Thank you Tina, Prog.Trad and Sinkchicken for your comprehensive responses. I do understand the feeling of protecting oneself when in rural areas now. I think I would act the same indeed. Let's hope good education and public relations will reduce gun related accidents..
The city I live in has one of the highest per capita murder rates in the US. Someone gets shot to death here almost every day.
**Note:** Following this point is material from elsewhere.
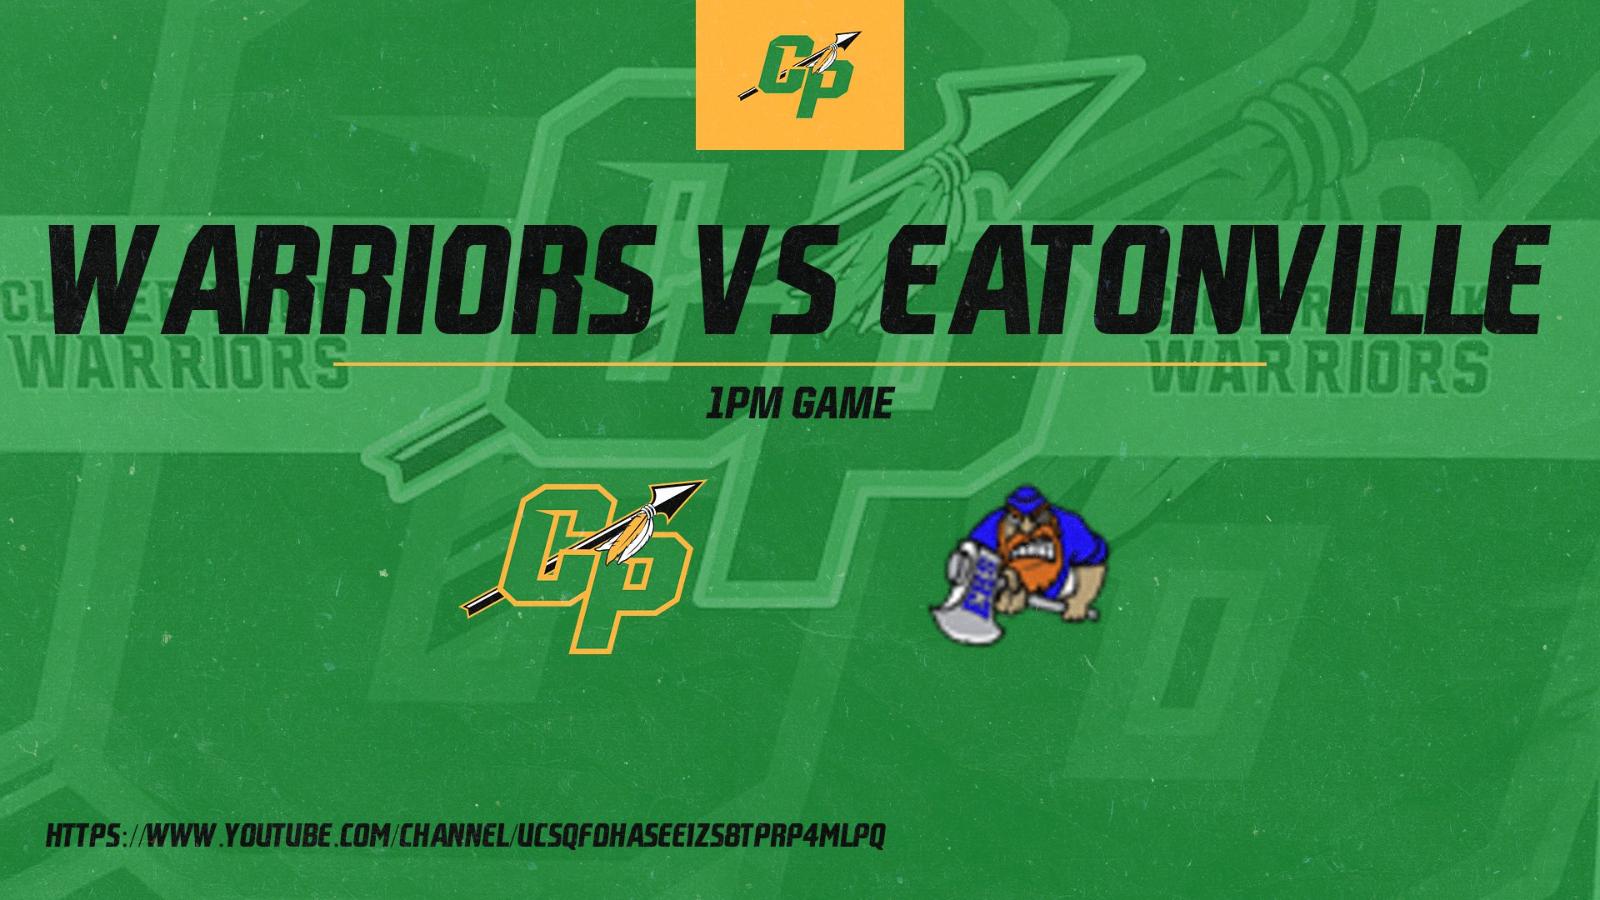 Warrior Vs Eatonville 1pm

I have never owned a gun, but most people in the South do, and they resent gun control efforts.
Many of the shootings here are carried out by people who are under the legal age to own weapons, happen in schools or on the way to and from school, or are attacks on police officers.
Because of the nature of my work (pharmacy involving narcotics such as morphine), I work in a building guarded by an armed city policeman. It is also guarded by a series of controlled access points requiring different access keys. People would easily kill me to have access to these drugs. However, I have never felt the need to own a weapon or felt scared at my place of business.
Most people in this area think I am crazy because I drive into the city every day and work with all those narcotics and don't have a weapon. I think if someone wants to kill me, they will do it anyway, even if I give them the drugs. I feel that if I am armed, I am adding fuel to the fire. I wouldn't worry about people like me having guns, but it's too easy for weapons to fall into the hands of those who wish to do others harm or into the hands of those who could accidentally hurt themselves.
In regard to assault rifles, the current administration, in its "wisdom" has let the federal ban on sales of assault weapons expire, so any 12 year old can get an Uzi without too much trouble. There are supposed to be background checks, etc, but I think in practice that system doesn't work very well.